Cucuianu A, D'Hondt L, Collignon J, Verhulst D, Deprijck B, Chatelain C, Doyen C, Bosly A
Oncologic Institute-Cluj, Department of Malignant Hemopaties, Cluj-Napoca, Romania.
Rom J Intern Med. 1995 Jul-Dec;33(3-4):211-25.

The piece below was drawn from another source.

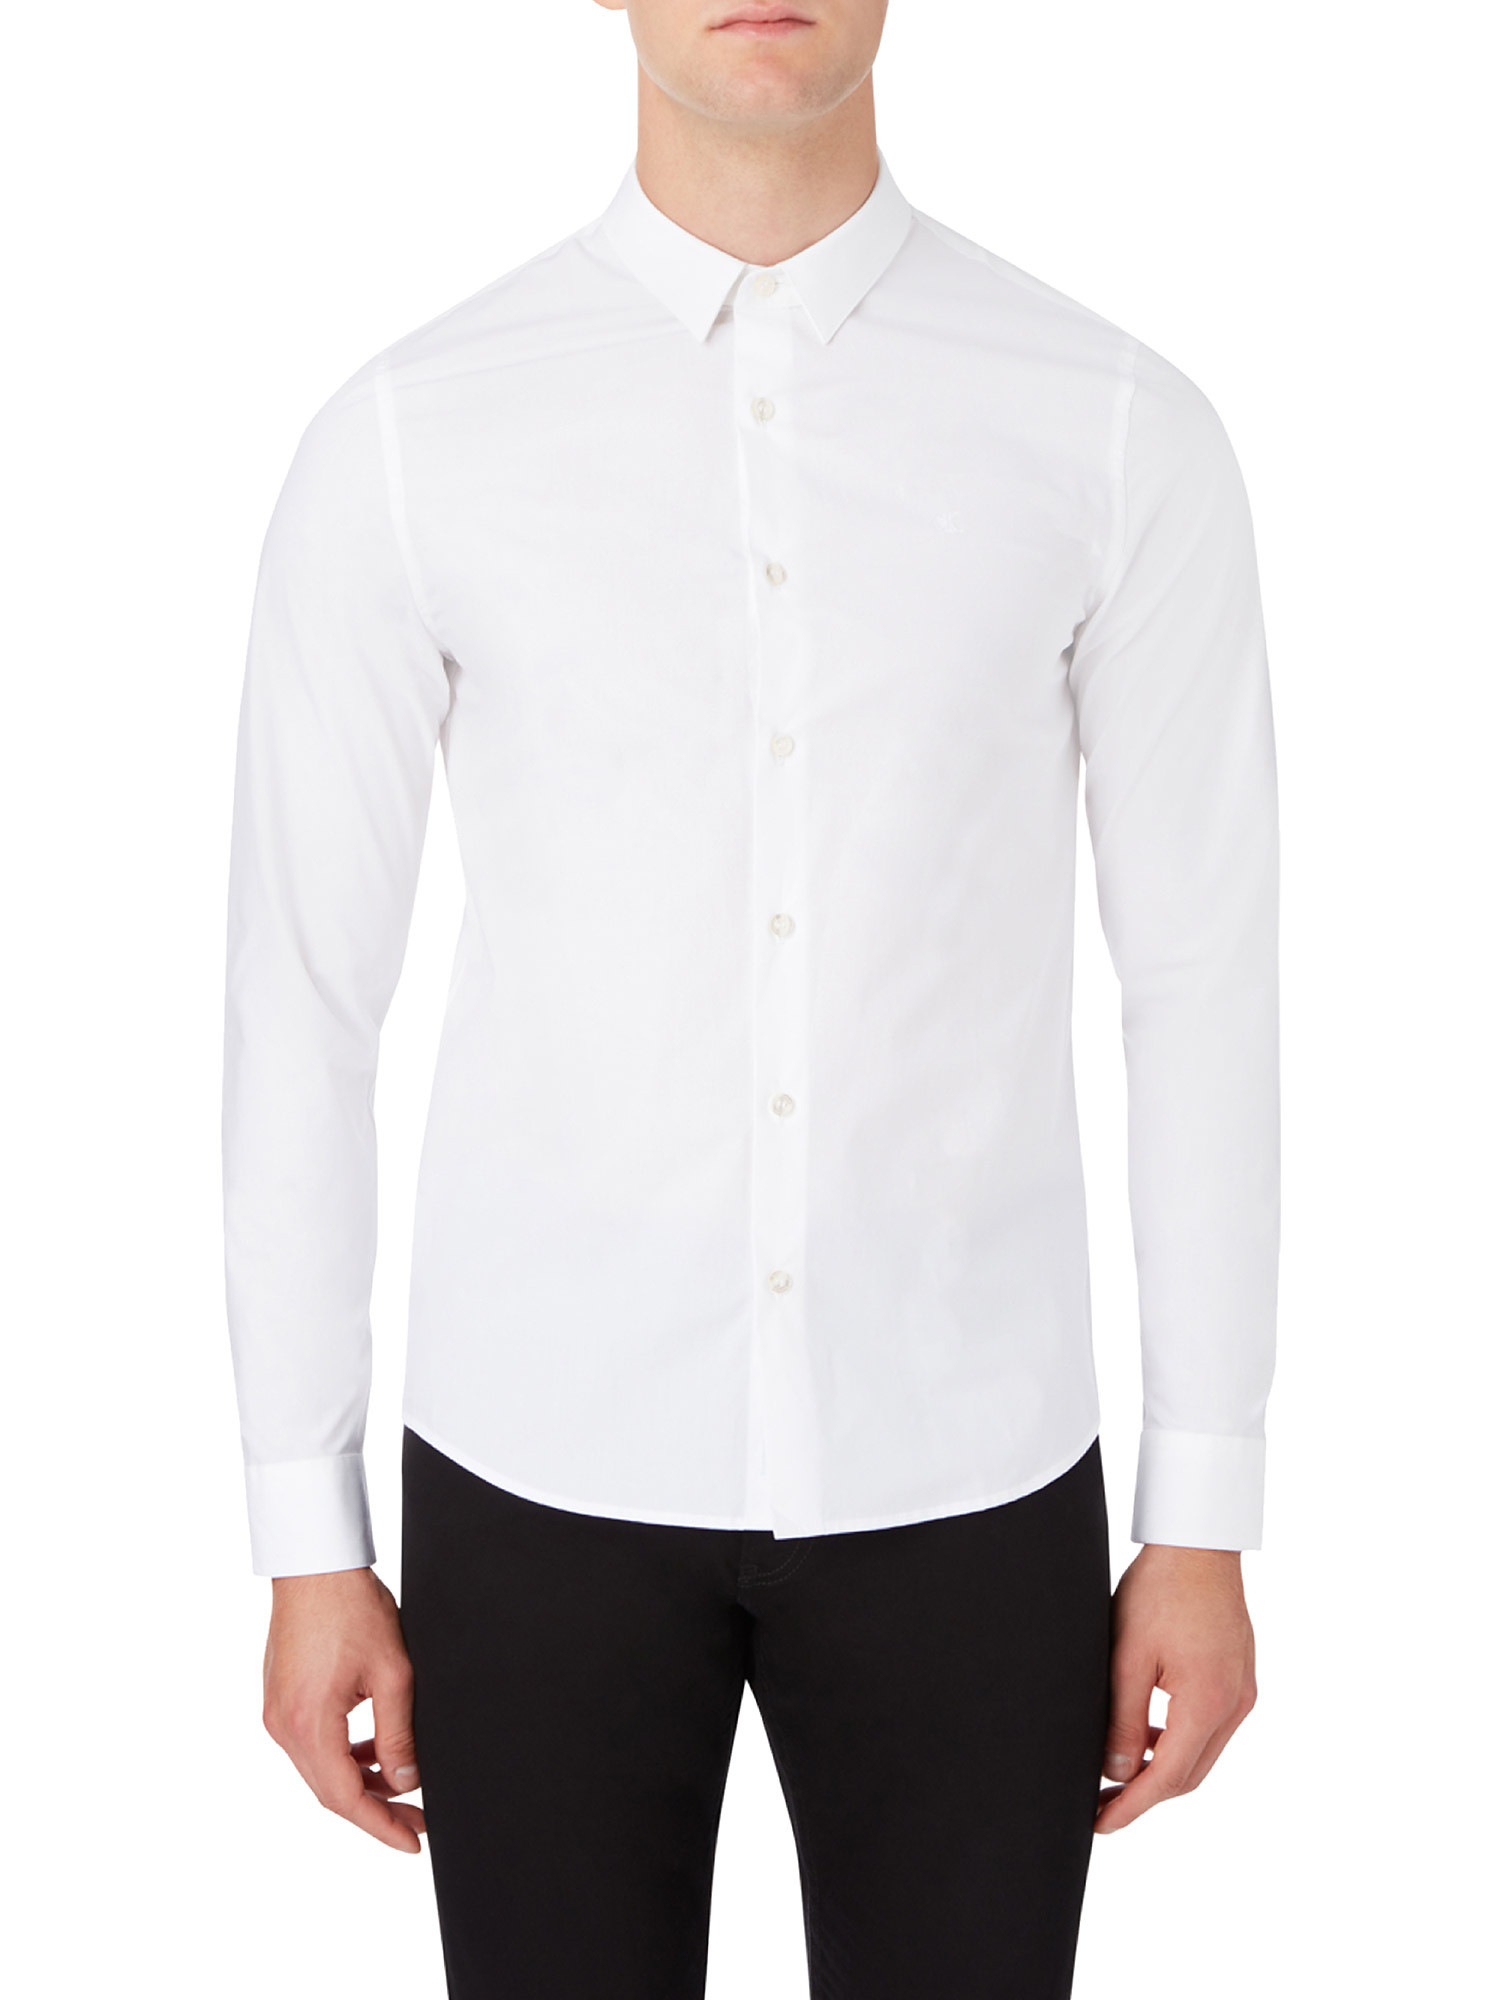 Camicia in cotone elasticizzato, Bianco, large image number 3
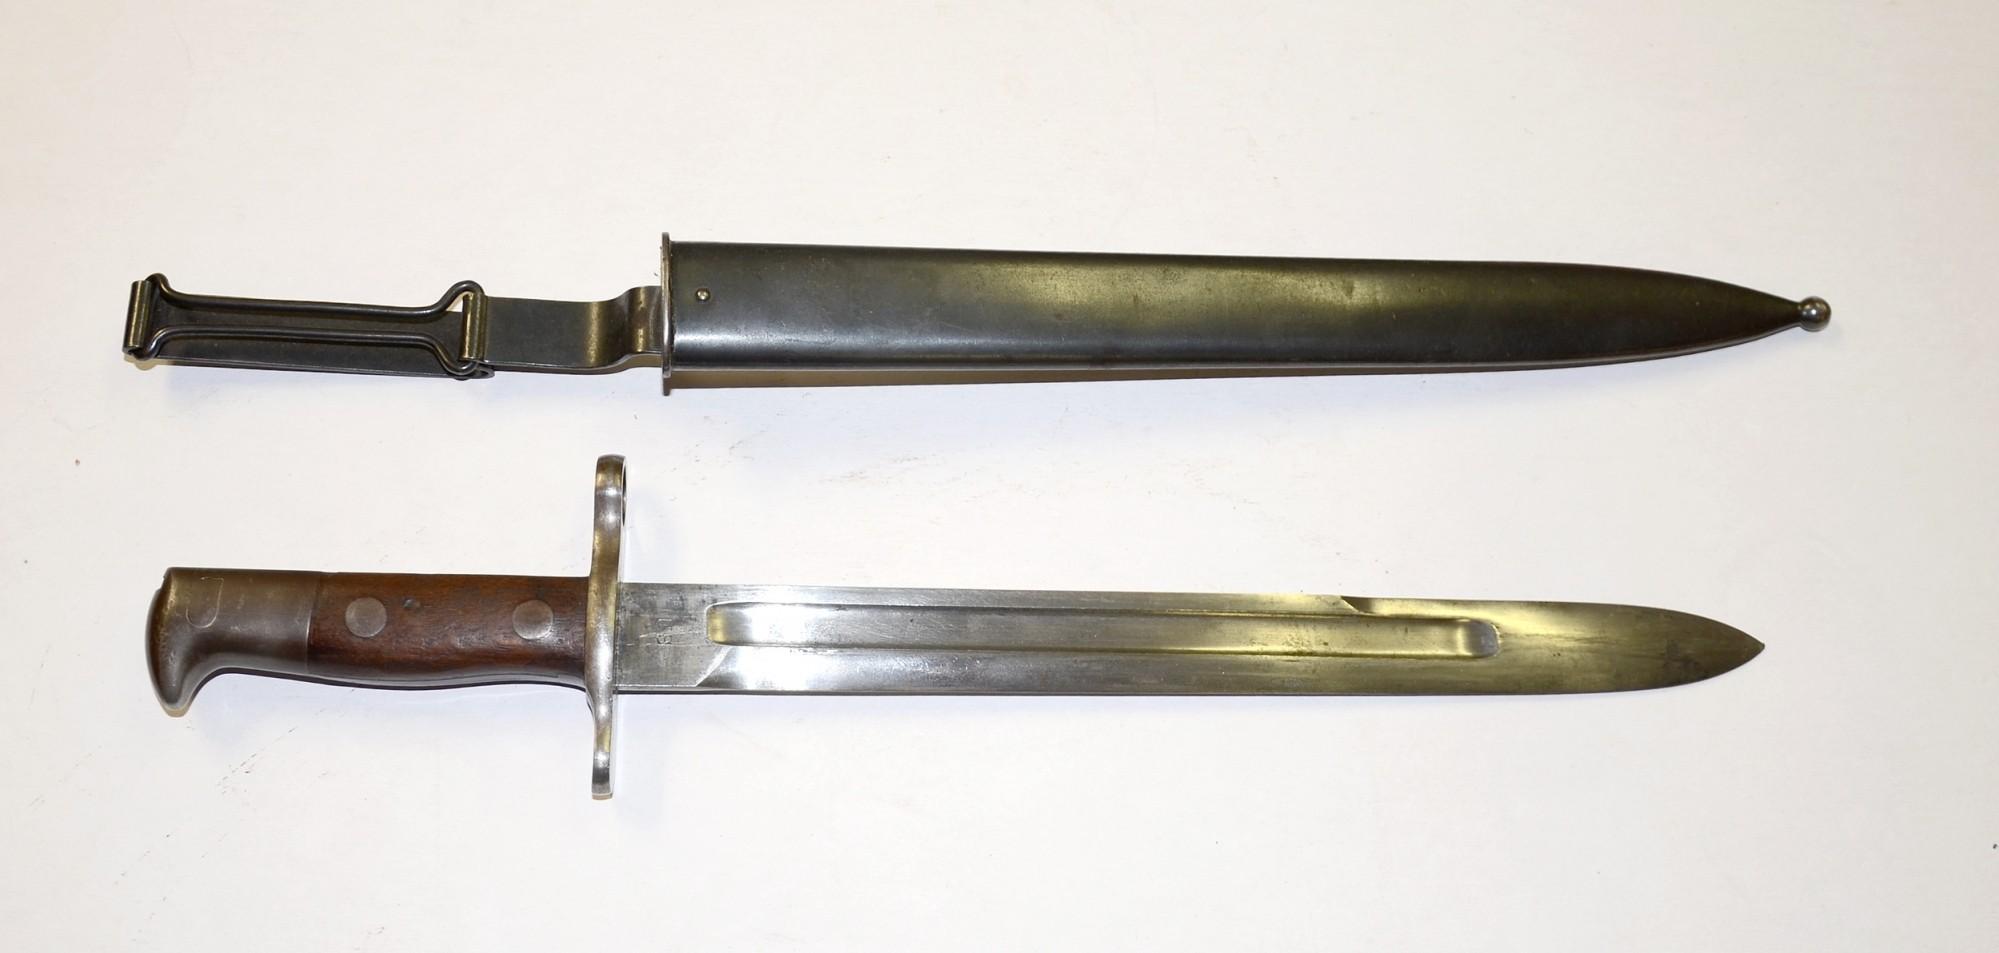 M1898 U S KRAG JORGENSEN BAYONET DATED 1898 WITH US

The present paper is an attempt to assess the efficiency of high-dose cytotoxic therapy followed by autologous bone marrow or peripheral progenitor cell rescue with hematopoietic growth factor support given in a group of 27 patients (16 men, 11 women) at the Department of Hematology of the Mont Godinne University Clinics, mainly in the same interval 1990-1994. The reasons for introducing such a therapy in these patients (6 with Hodgkin's disease, 14 with intermediate or high grade, aggressive non Hodgkin lymphomas and 7 with low grade follicular non Hodgkin lymphomas) were relapse of disease after conventional therapy (11 cases), resistance to initial therapy (5 patients) or because of histologically proven transformation to a more aggressive form (one case); in 10 patients with extended, poor prognosis forms, the procedure was used as part of the first line therapy. The conditioning high dose chemotherapy was given according to various regimens, most of them containing Cyclophosphamide, BCNU and Etoposide, with or without total body irradiation. In 14 patients, bone marrow (BM) graft was used, while peripheral blood progenitor cells (PBPC) were infused in the remaining 13 patients. The number of infused granulocyte-macrophage colony forming units (CFU-GM) ranged between 7,650 and 3,900,000/kg, with a mean value of 461,000/kg. The median time intervals required to reach an absolute neutrophil count > 500/microliter, a platelet count > 50,000/microliter and a hematocrit > 30% were 13 days, 20 days and 23 days respectively. Growth factors (GM-CSF and G-CSF) and PBPC use shortened the time for neutrophil recovery as well as neutropenia-related complications. No procedure-related death was observed and complete remission was achieved in 22 cases (81.4%); after a mean follow-up of 32.6 months, 14 patients (55.5%) are alive and free of disease, while in 7 patients (31% of the complete responders) relapse occurred at an average time interval of 8.2 months since the procedure.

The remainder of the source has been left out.